§ Directions for this task: This exercise calls for the data below to be retyped exactly, minus any images.

§ Data segment:
====================

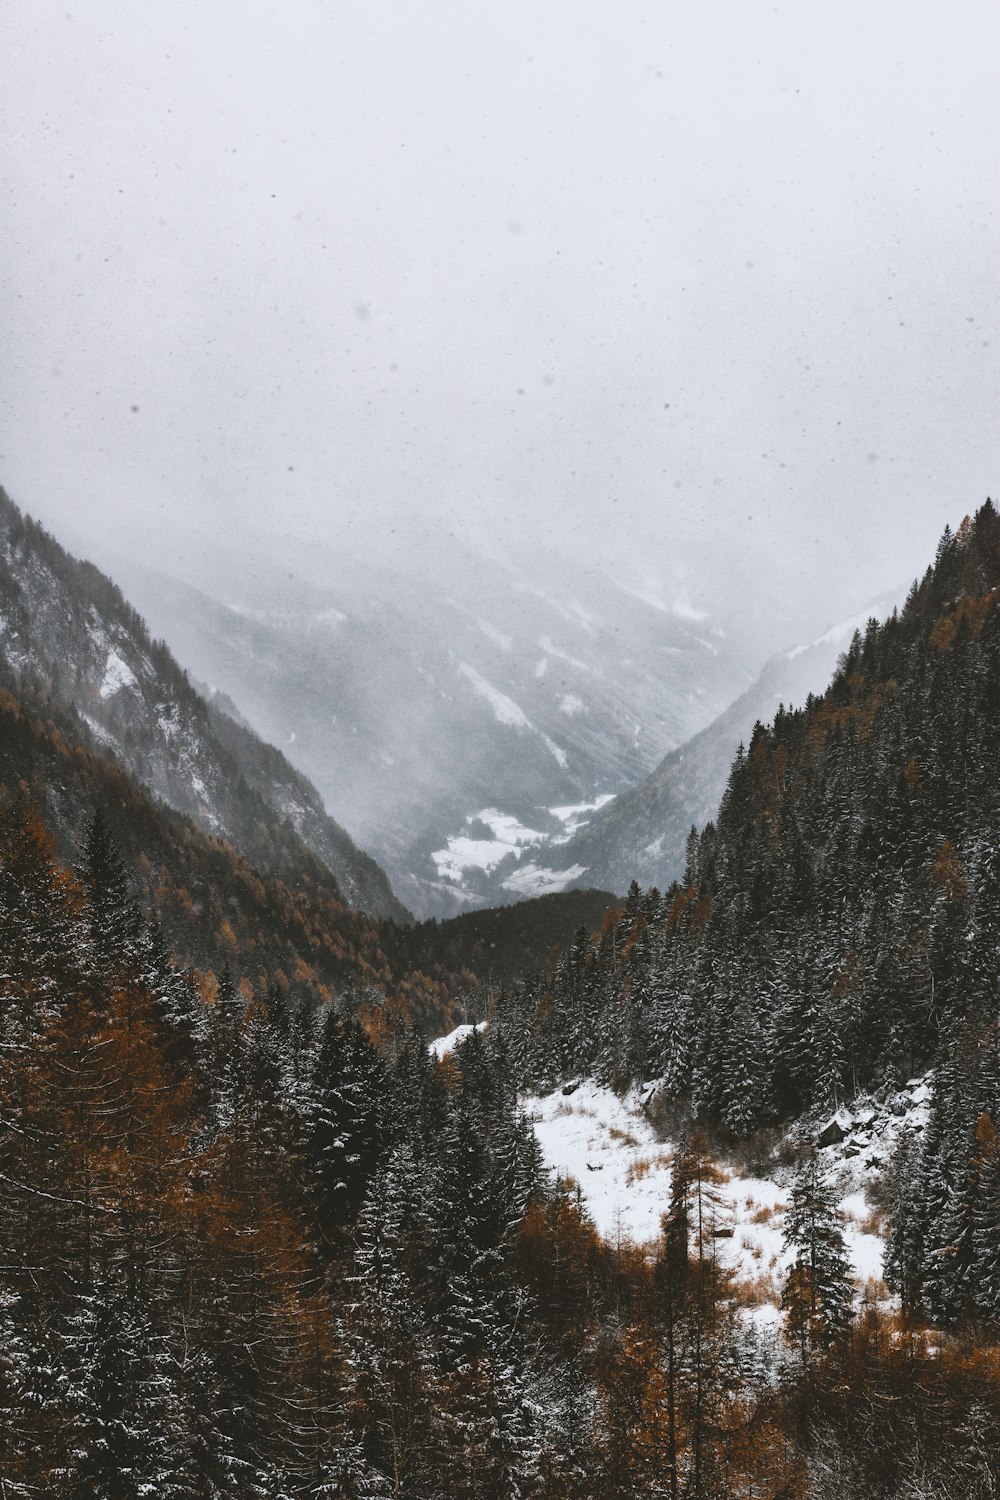 Landschaftsfotografie des verschneiten Berges unter nebligem Himmel
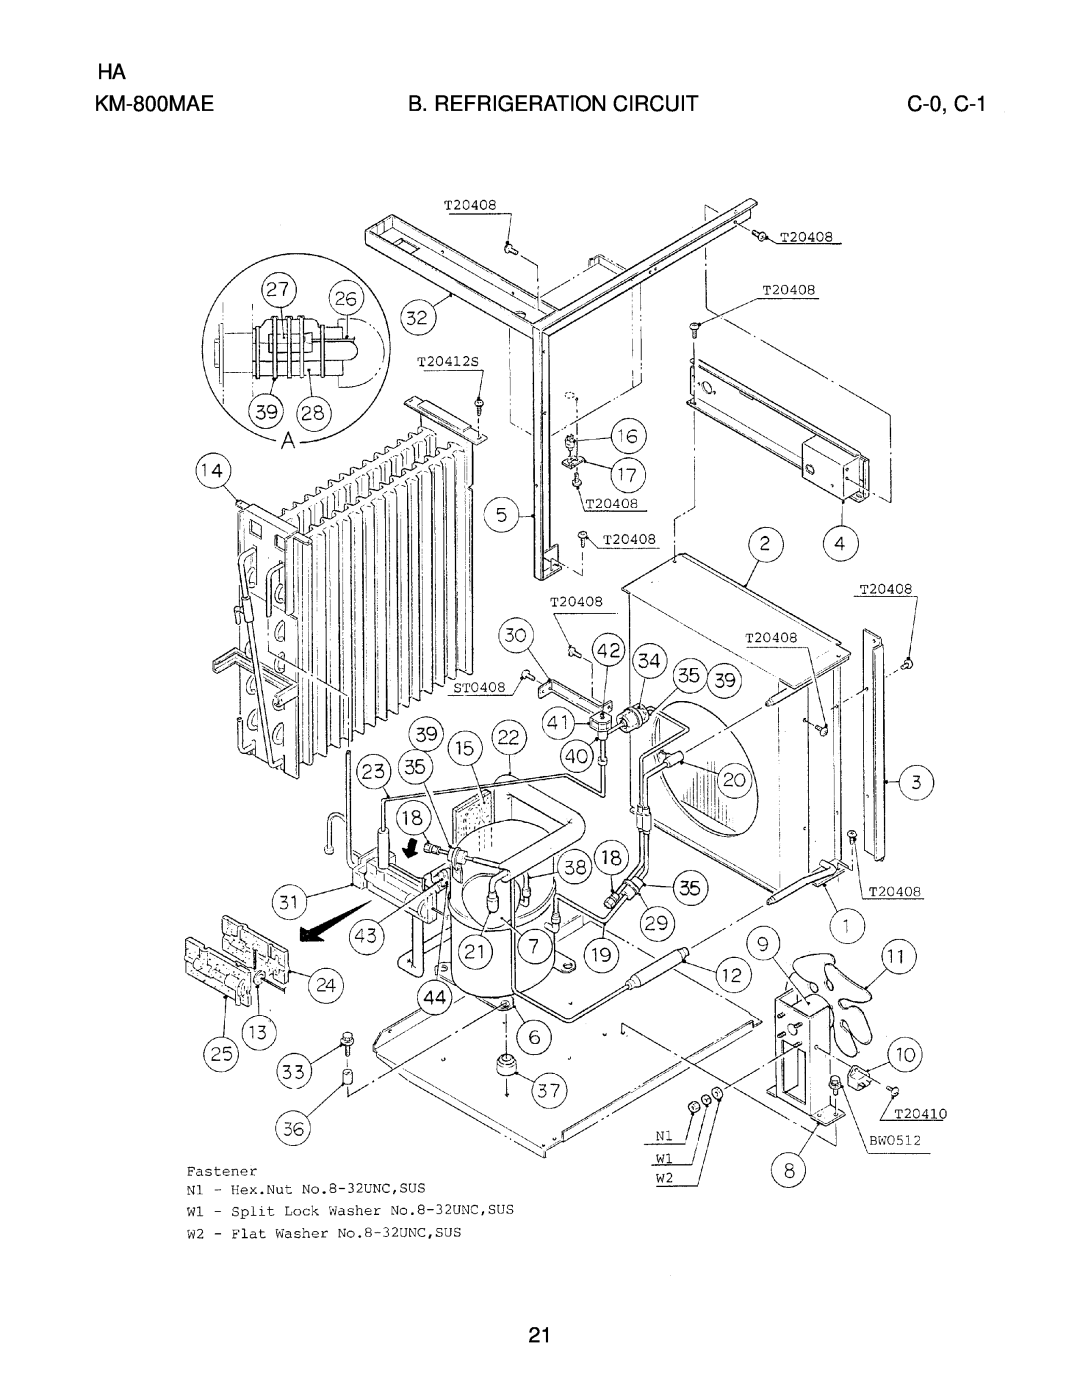 Hoshizaki KM-800MWE, KM-800MRE manual B. Refrigeration Circuit, C-0, C-1, KM-800MAE 
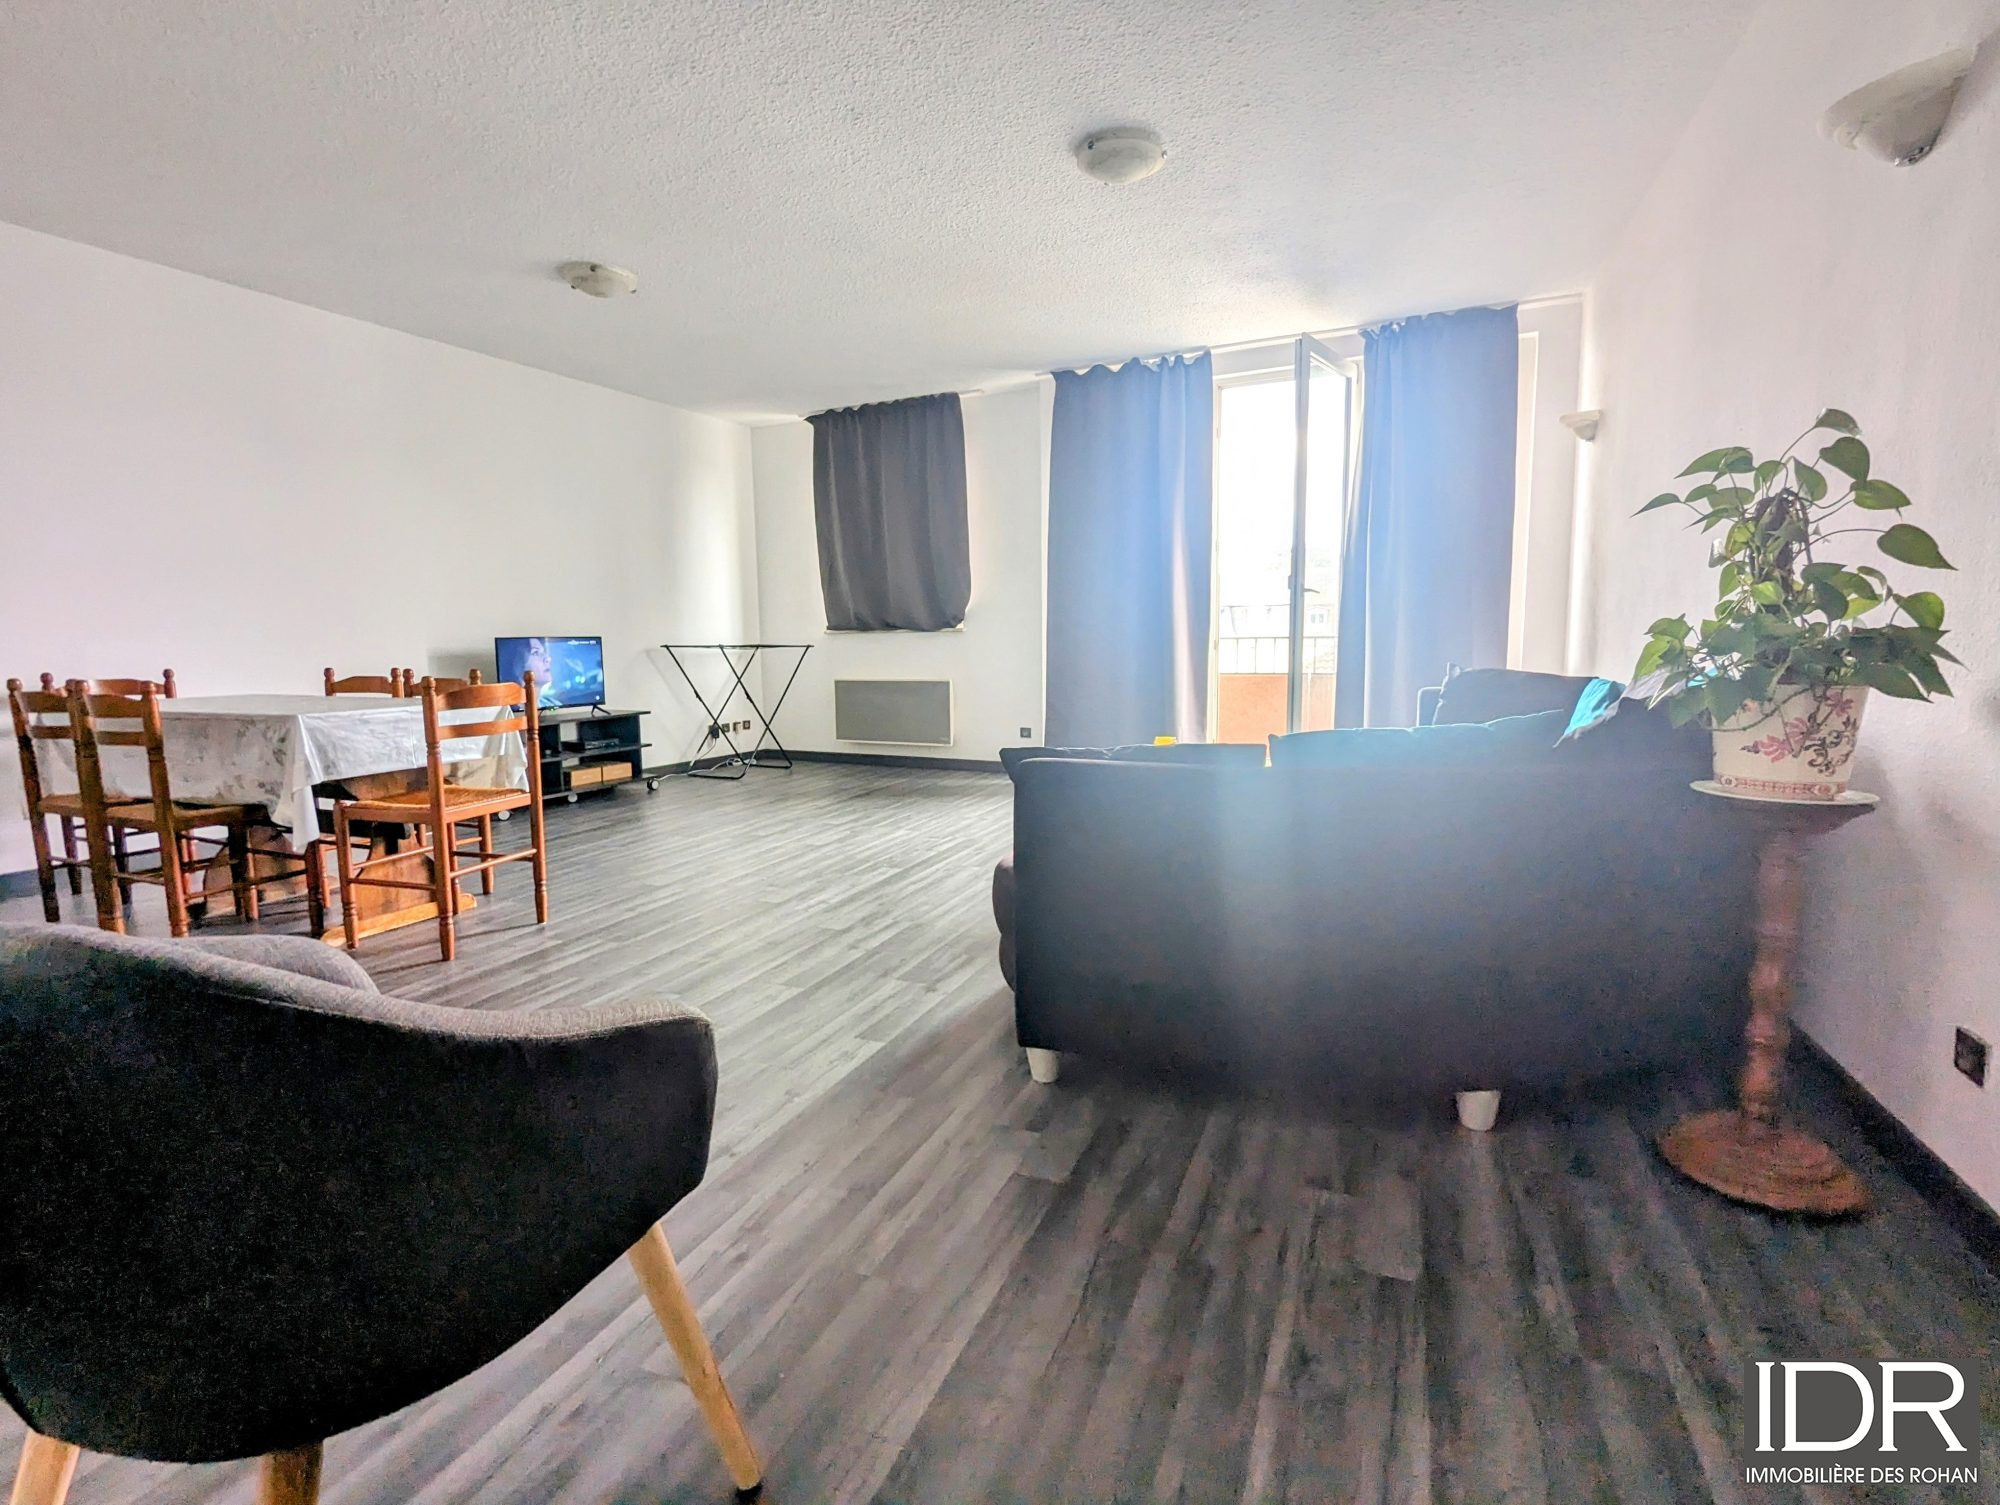 Vente Appartement 75m² 3 Pièces à Sarrebourg (57400) - Immobilière Des Rohan
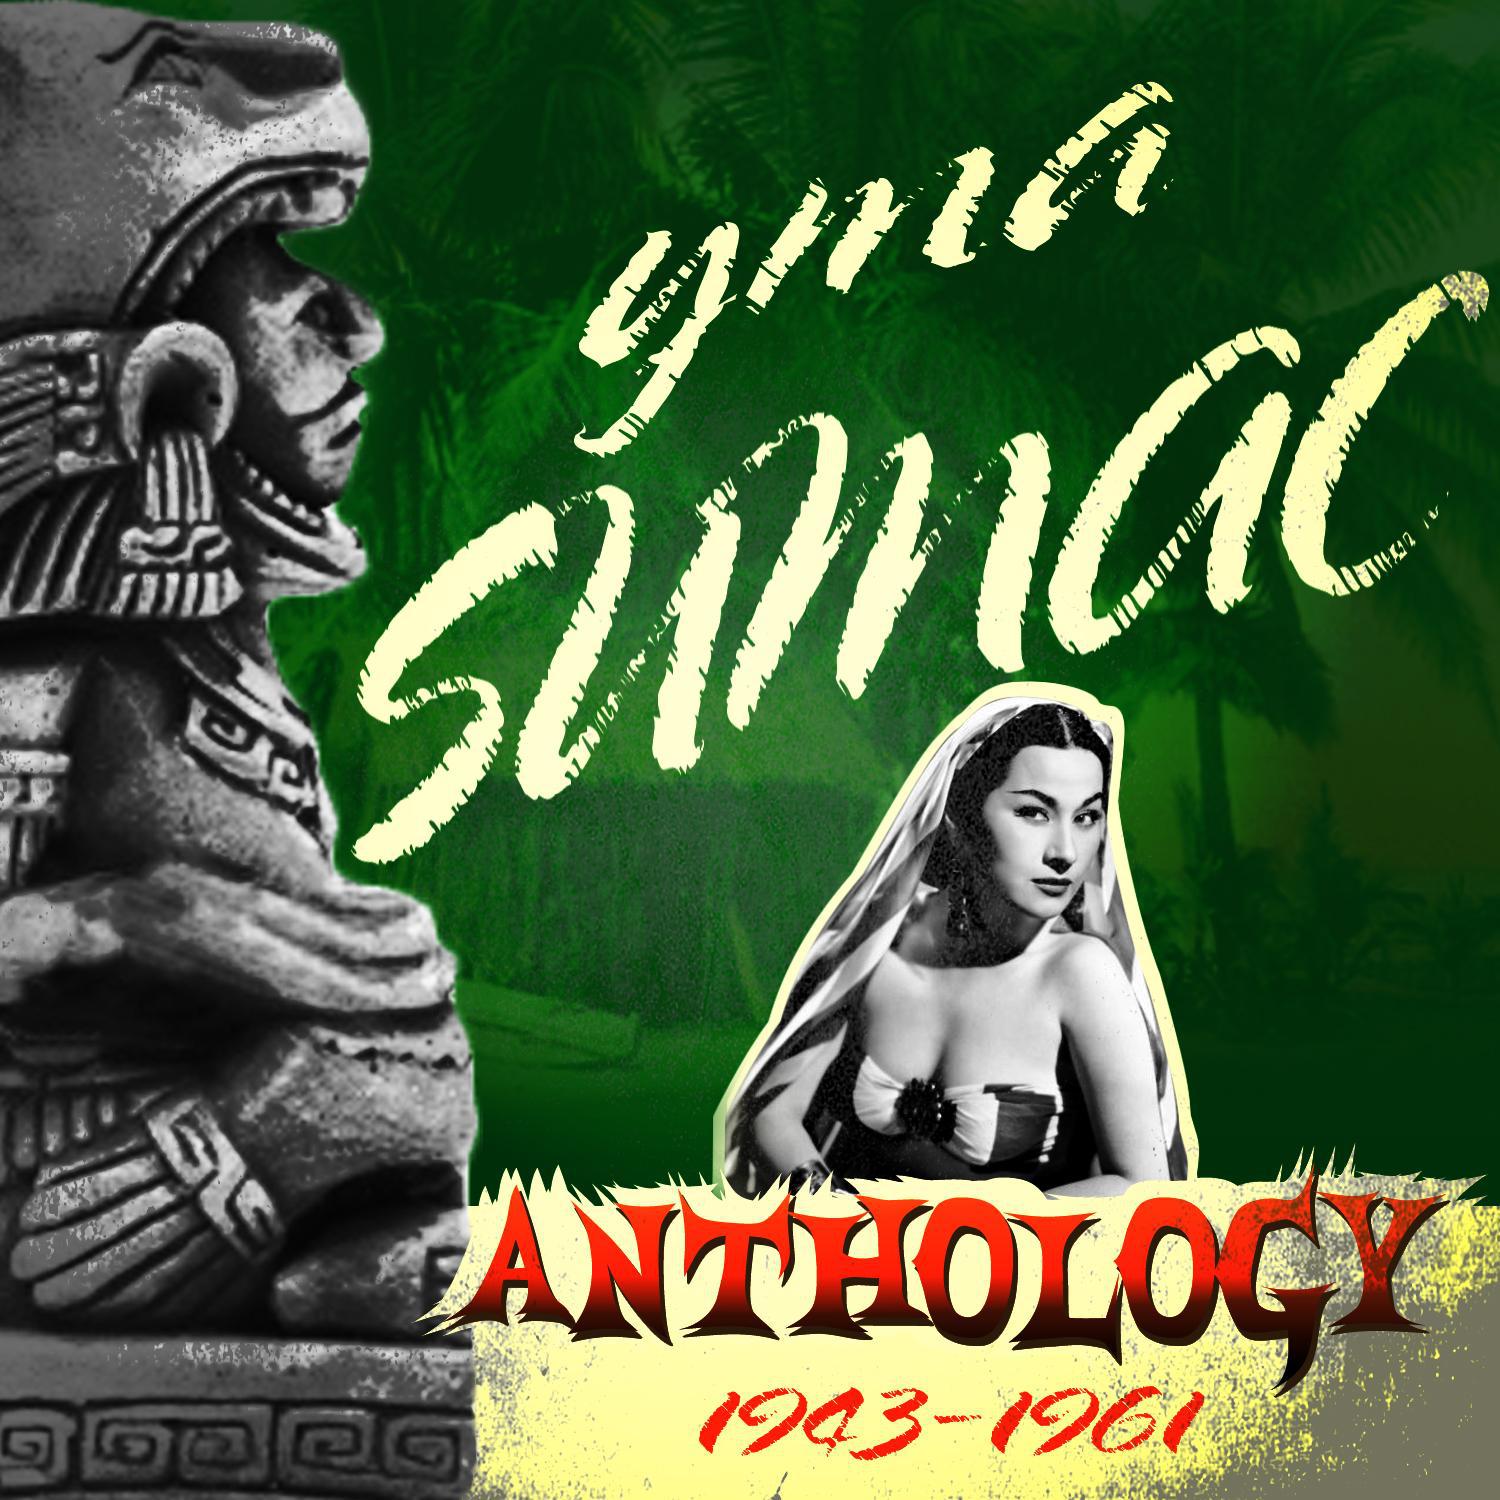 Anthology 1943-1961专辑

====================

§ Output below:
 Landschaftsfotografie des verschneiten Berges unter nebligem Himmel
 Hoshizaki KM-800MWE, KM-800MRE manual B. Refrigeration Circuit, C-0, C-1, KM-800MAE 
 Vente Appartement 75m² 3 Pièces à Sarrebourg (57400) - Immobilière Des Rohan
 Anthology 1943-1961专辑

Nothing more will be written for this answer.